Open Kimundi opened 10 months ago
Note that adding #[no_mangle]
to check1
to force it to appear in the binary does cause it to appear as a constant. I think this might be a case of "in isolation, codegen is weird, you have to evaluate it at a whole program level"?
This looks like another instance of #116505, meaning that depending on some heuristics leaf functions are only codegenned in cgu that need them. Since check1 and check2 are not called, they are not seen. This is good for optimizations but quite unfortunate for inspecting asm on Compiler Explorer.
Adding #[no_mangle]
will force them to be available, you can also add -C link-dead-code=yes
, or turn of the optimization with -Z cross-crate-inline-threshold=never
on nightly.
I think there are multiple things happening here. I'll try to explain what I'm seeing.

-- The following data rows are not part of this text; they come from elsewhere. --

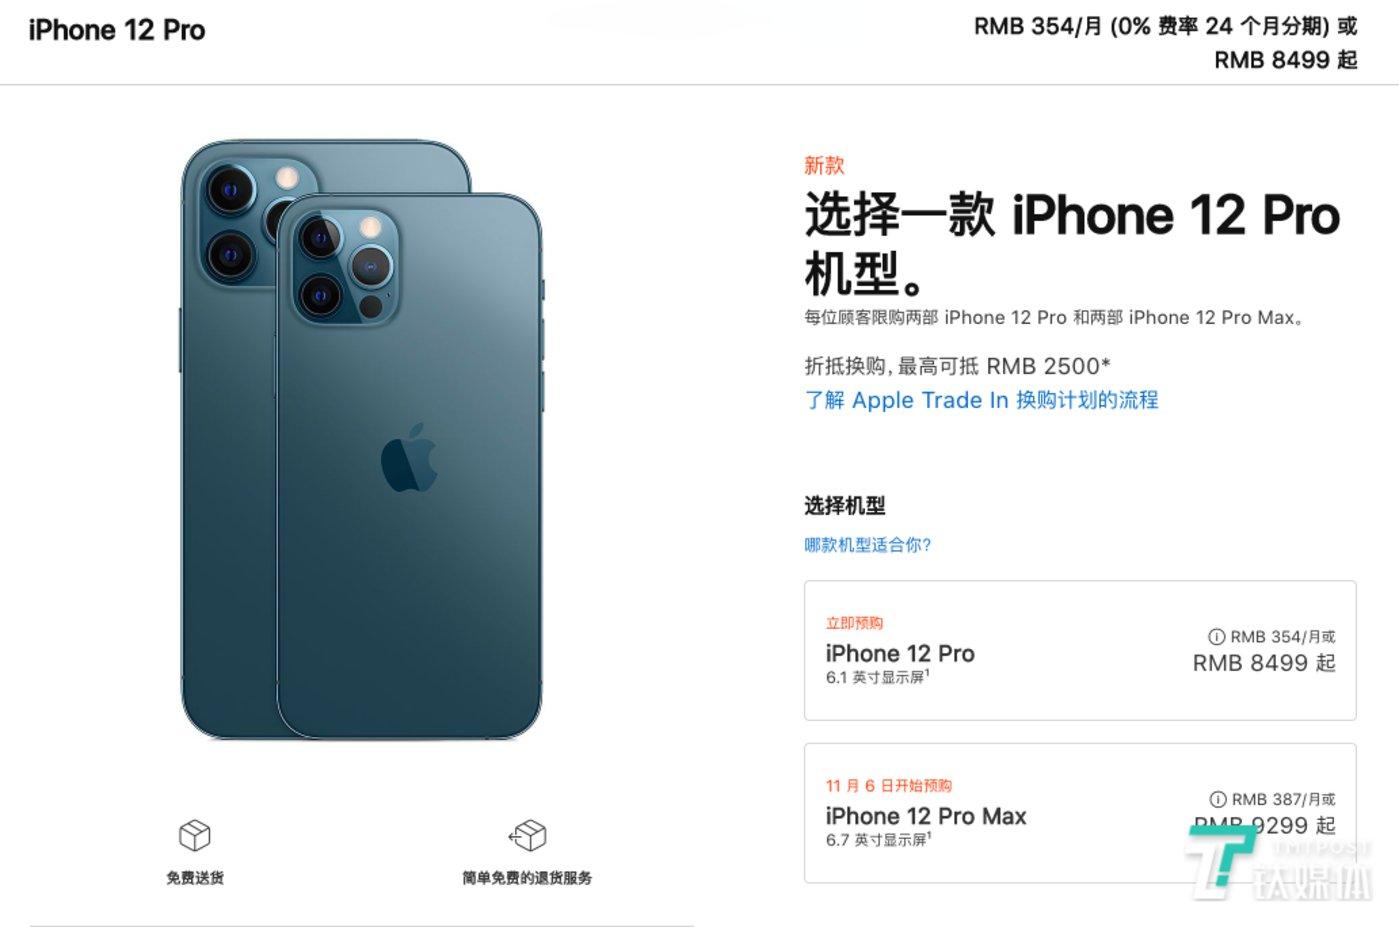 苹果官网上的新机预售信息(来源苹果官网)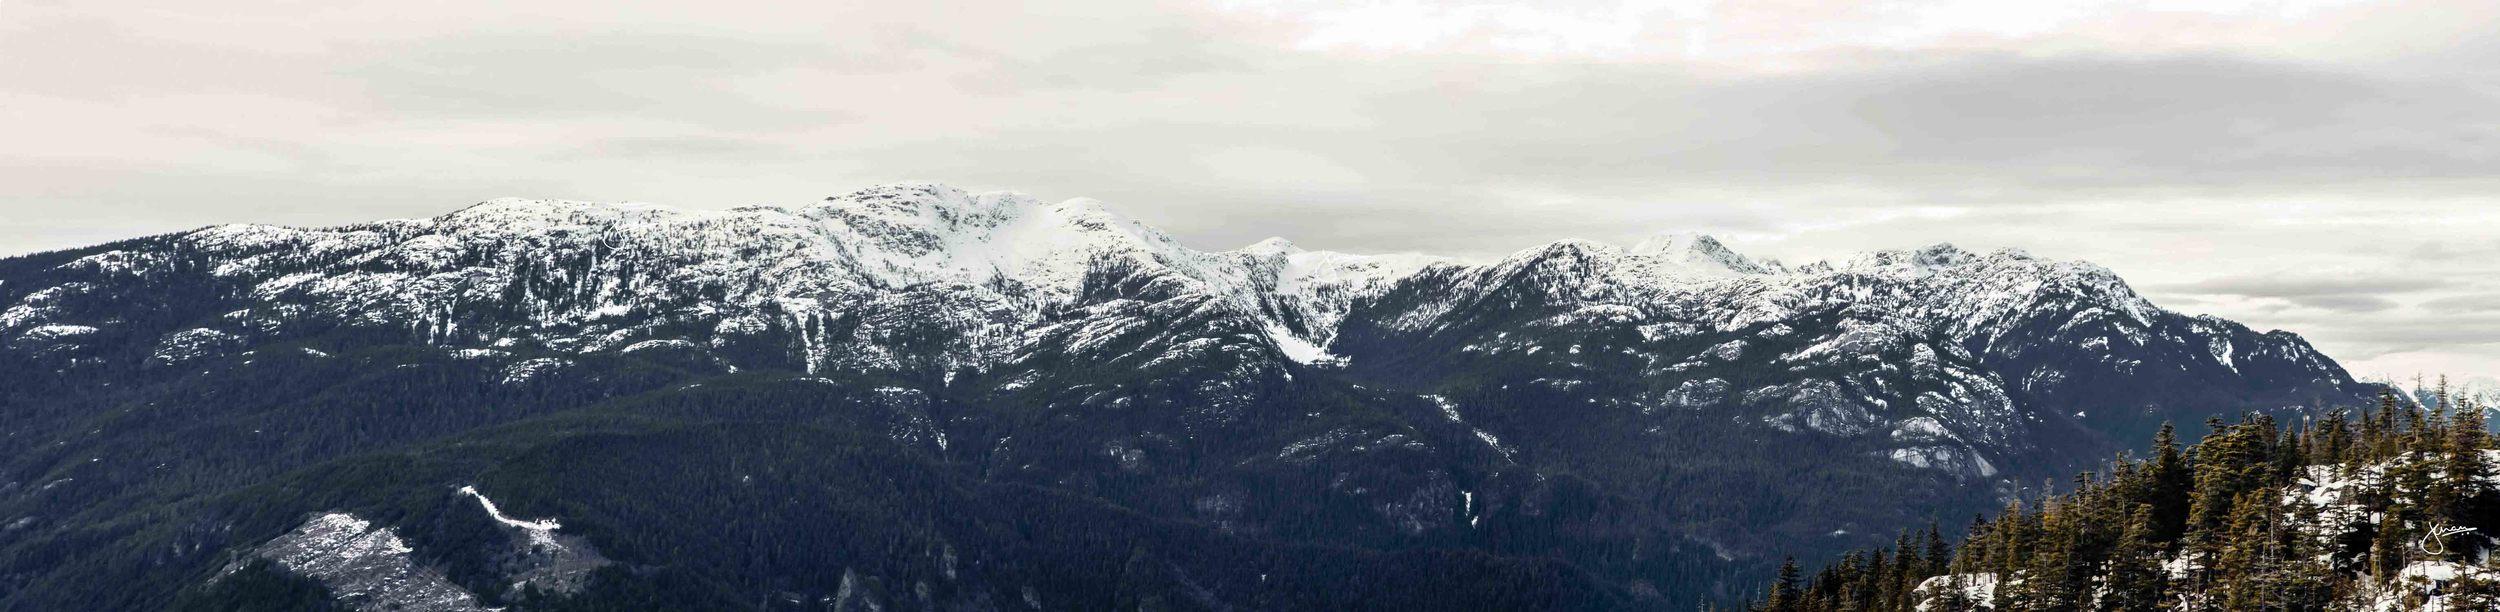 Tantalus Mountain Range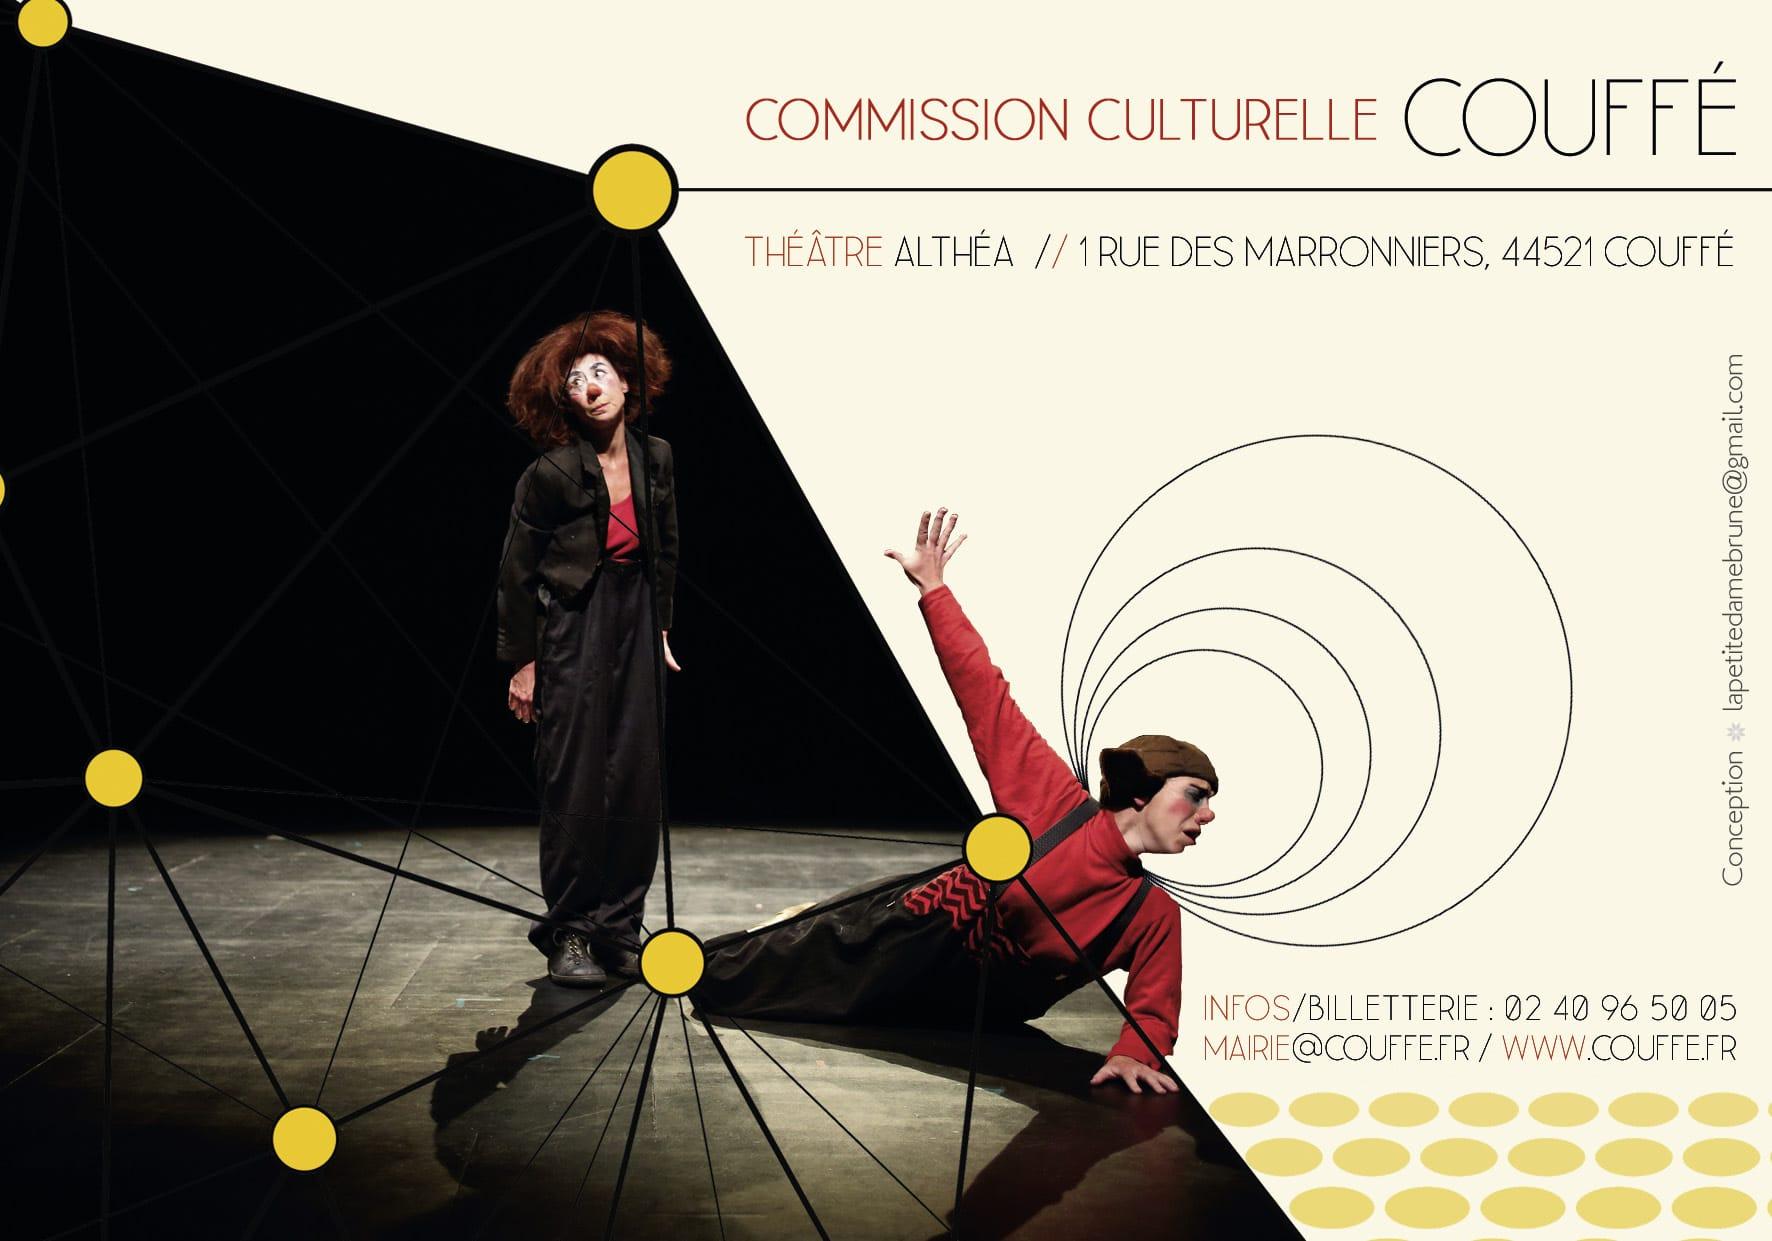 COUFFE-Saison-culturelle-brochure-A6-2020001788-AC_Page_12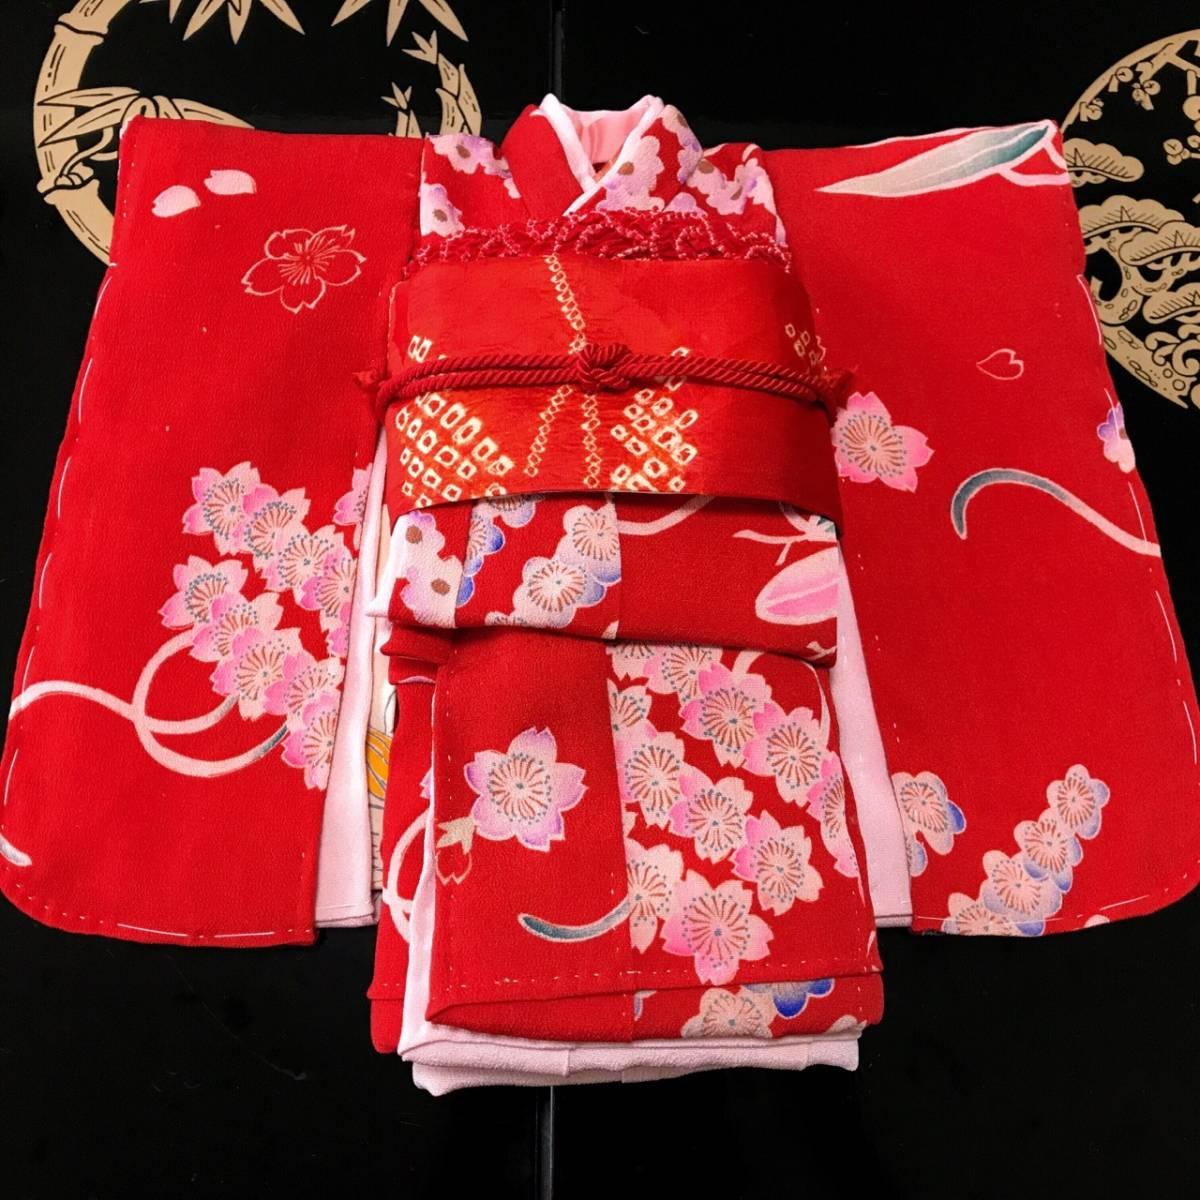 ◆◇ 一点物 市松人形 8号 約32cm 袷 アンティーク 錦紗 ちりめん 着物 長襦袢 帯 セット 人形 ビスク ドール 縮緬 時代 送料無料◇◆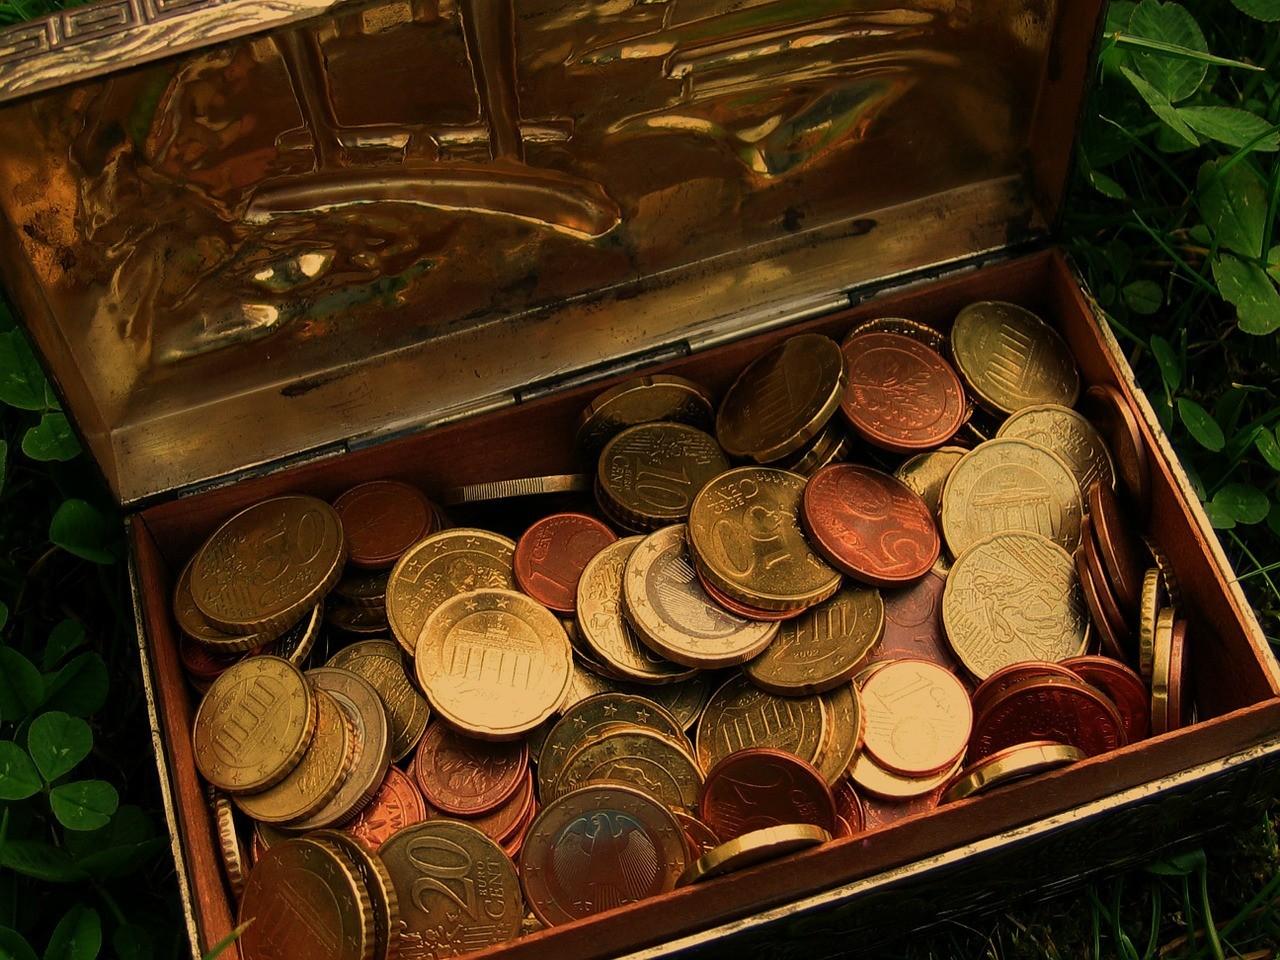 Münzen würfeln

I expected to see this happen: Both
check1
andcheck2
should compile to functions that just return a compiletime-evaluated struct value
That's not possible, those functions both take runtime parameters. I'm presuming you mean "use a compiletime-evaluated struct value" instead?
check1
disapeared from the assembly
This is the cross-crate-inlining effect; I've been mulling over ideas to improve the situation, but this is not a bug. It's very unfortunate though. https://github.com/compiler-explorer/compiler-explorer/issues/5782
and it looks like all the code needed to runtime-evaluate it got added instead... The weird thing is that the function that regressed is the one that uses a
const
item by name, rather than the one that just calls a const function inside a non-const function body.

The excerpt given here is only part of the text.